Earlier this year I spent 6 months in Brazil doing an ethnographic study of software developers in Rio de Janeiro. Much of the study focused on an Kepler – an open source project to build a web development platform on top of Lua. I started the study thinking of being an observer without getting too involved, but soon decided to abandon this approach and dive in. I'll talk more about this at some point (I am working on a paper on the methodological issues of studying open source work), but for now I wanted to introduce the baby of that project, which just got to version “0.3.0-beta” and is finally worthy of being show to the world at large. So, here we go:
Sputnik is a wiki written in Lua, running on top of Kepler. It’s also somewhat of a web-framework, in that it is intended to be extensible into a wide range of wiki-like applications. (Basically anything that involves data being edited in wiki-like way.) I wrote the first version on a Saturday afternoon for the Kepler wiki, and it generated enough interest that I ended up investing some time into refining it. I then started thinking of how to make it take advantage of being written in Lua, how to make it “more Lua,” and ended up going the route of extensibility. It also uses Lua as configuration language.
This has been one of the most fun projects that I've been involved with, not just technically but socially. The fun of working within a small community is that people actually pay attention.

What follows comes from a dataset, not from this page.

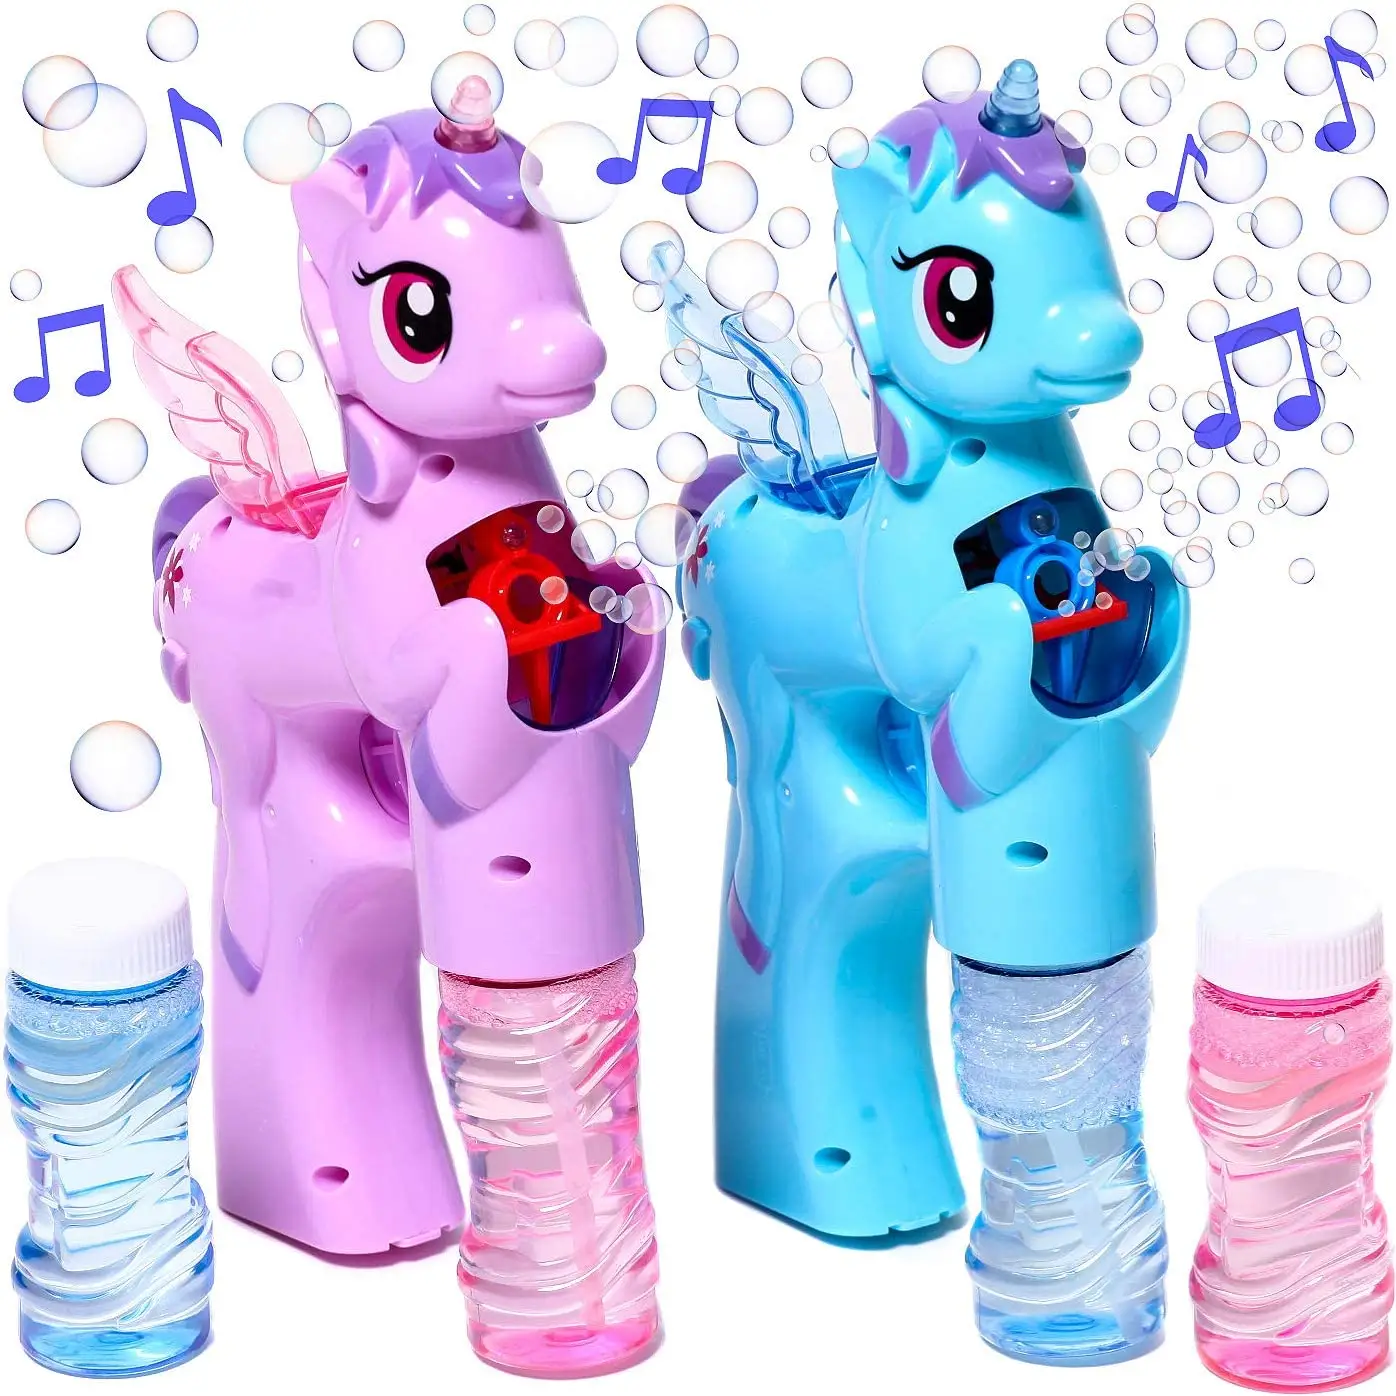 Unicorn Bubble Blaster mit Licht und Ton, enthält 1 Bubble Gun und 2 Flaschen Bubble Solution für Mädchen und Jungen

P.S. Someone on the web recently said the following about Sputnik: “ps. lua 的描述能力还是很强的,如果有人怀疑 lua 在 web 开发上的潜力的话,可以看看 Sputnik 这个 wiki 系统 。整个系统号称只用了不到 2000 行 lua 代码。作者宣称会继续努力把代码精简到 1000 行之内。” Ah, one day my Mandarin will be good enough to actually read this. For now I just get to ponder the weirdness of having people say stuff about your hobby project in languages you don’t quite understand.